What this task involves
Before printing the listing, strip out its pictures and keep everything else exact.

Source material
--- START ---

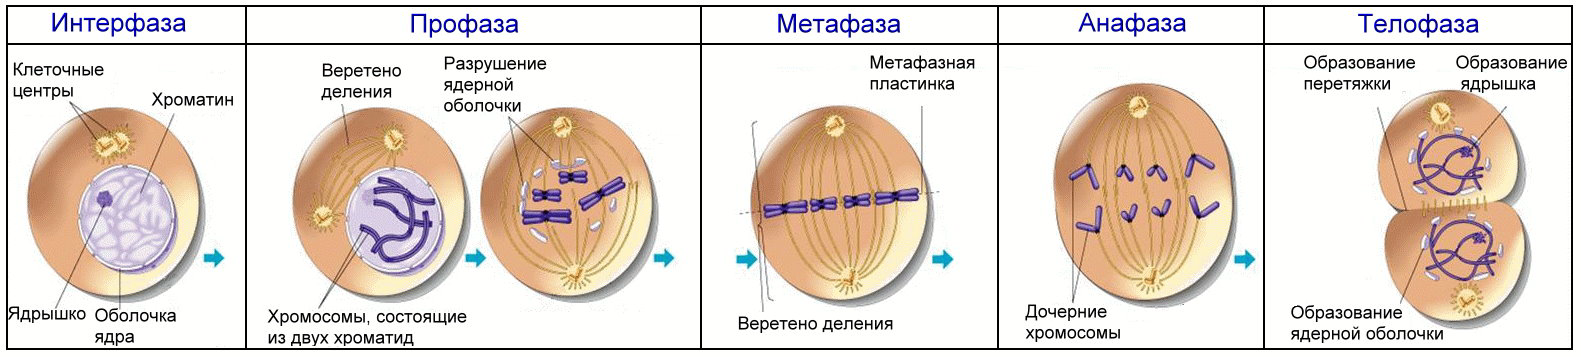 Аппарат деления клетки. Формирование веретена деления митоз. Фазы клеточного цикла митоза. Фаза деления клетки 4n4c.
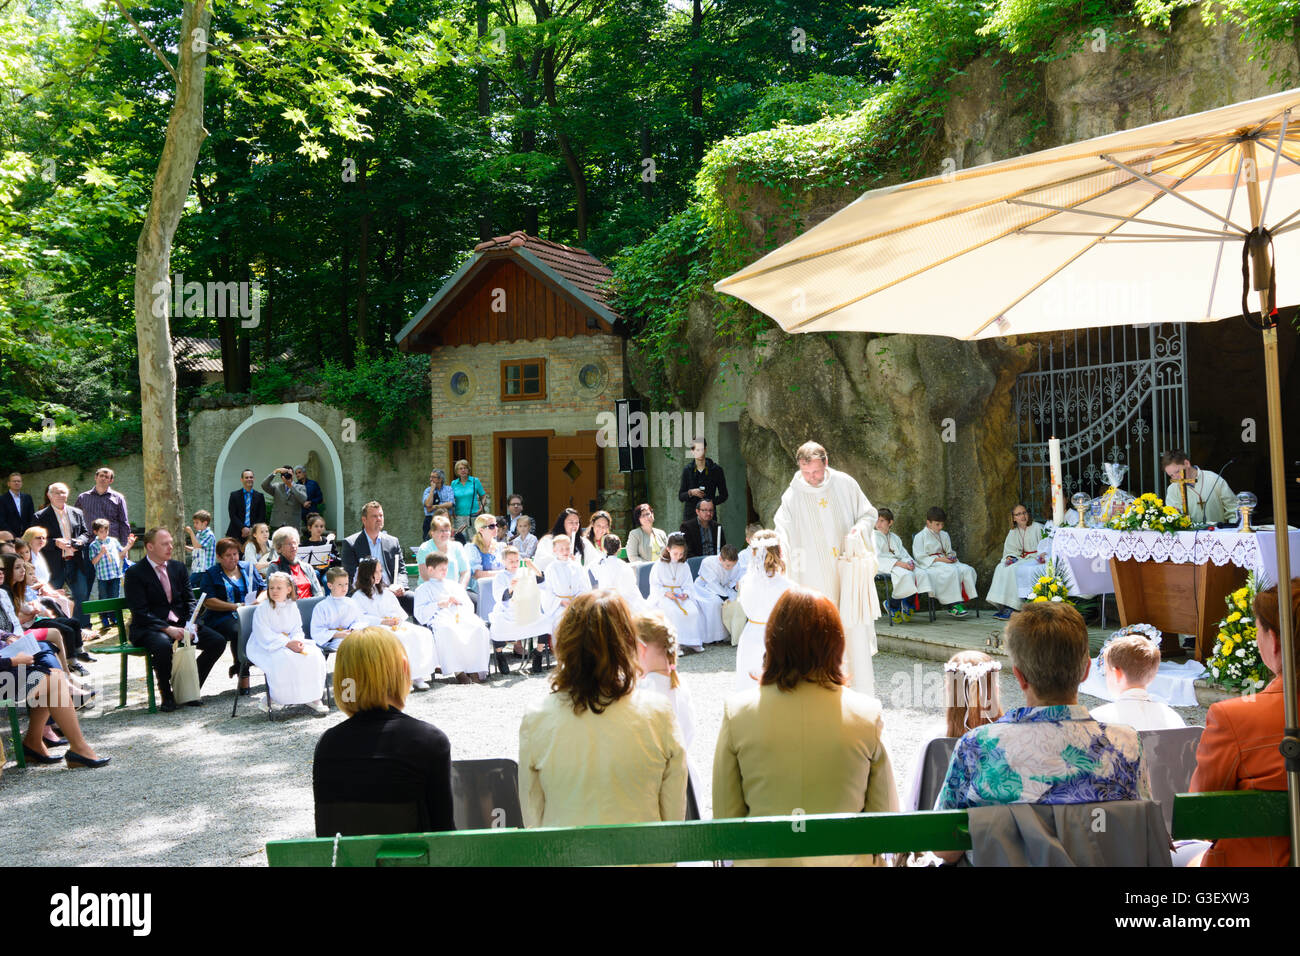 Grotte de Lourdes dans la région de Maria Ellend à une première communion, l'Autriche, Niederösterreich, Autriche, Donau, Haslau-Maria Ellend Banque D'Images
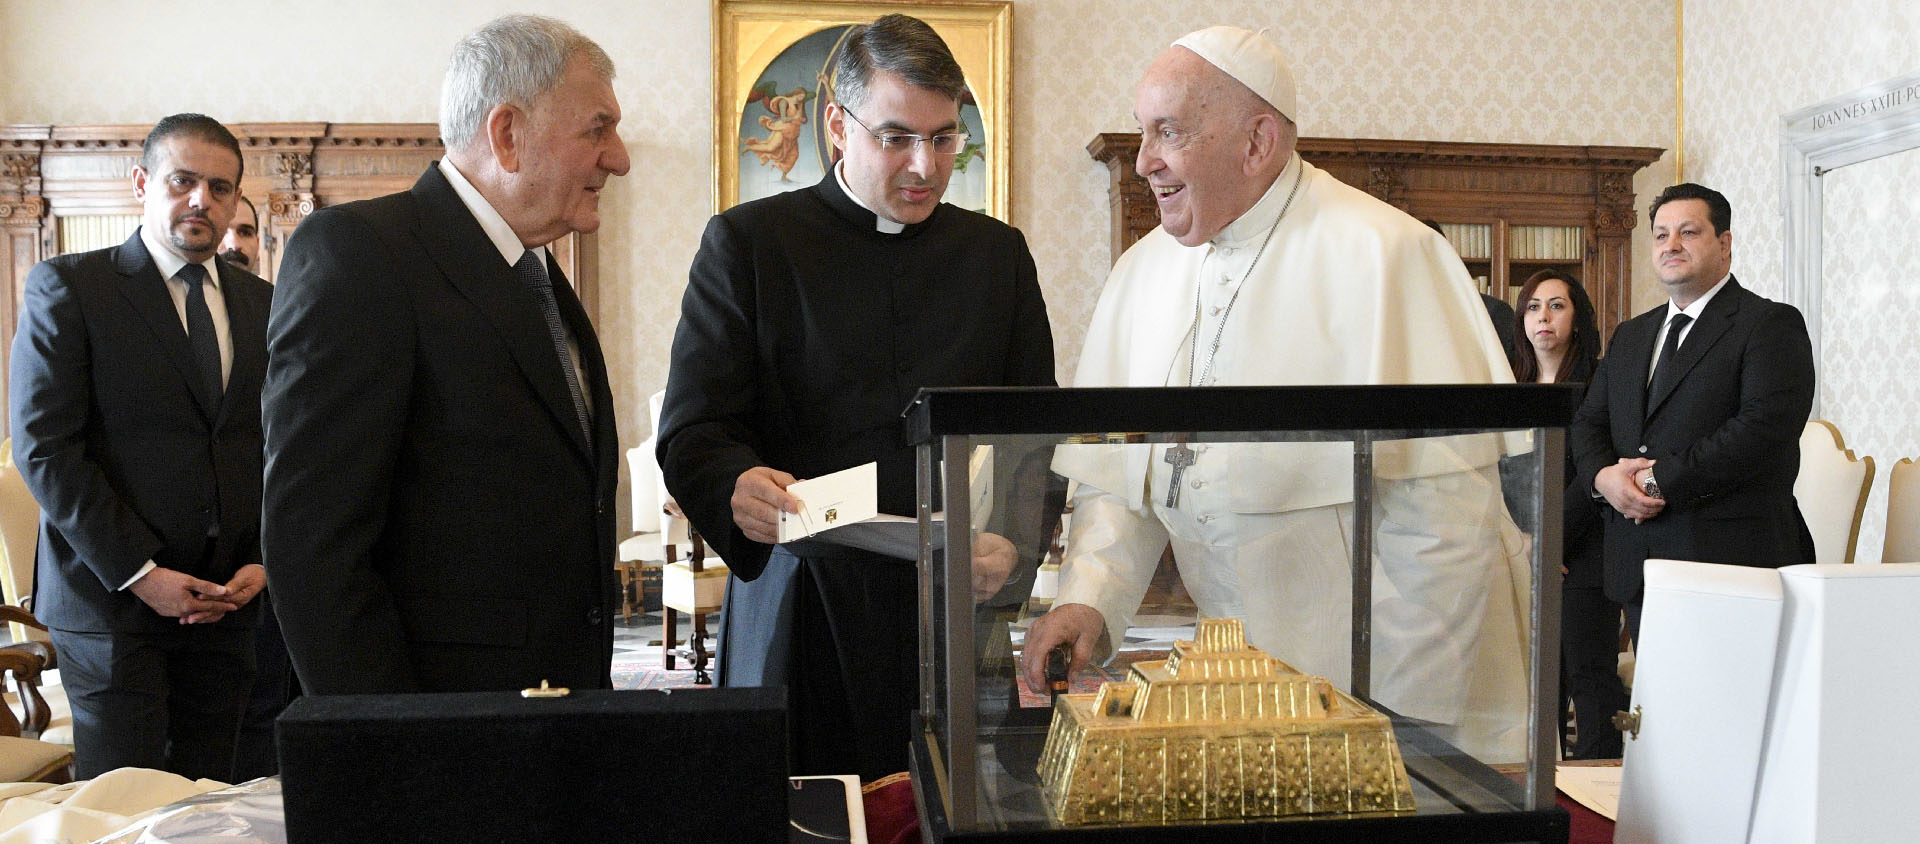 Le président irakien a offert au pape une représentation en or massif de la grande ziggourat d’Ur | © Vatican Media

--- END ---

Solution
 Аппарат деления клетки. Формирование веретена деления митоз. Фазы клеточного цикла митоза. Фаза деления клетки 4n4c.
 Grotte de Lourdes dans la région de Maria Ellend à une première communion, l'Autriche, Niederösterreich, Autriche, Donau, Haslau-Maria Ellend Banque D'Images
 Le président irakien a offert au pape une représentation en or massif de la grande ziggourat d’Ur | © Vatican Media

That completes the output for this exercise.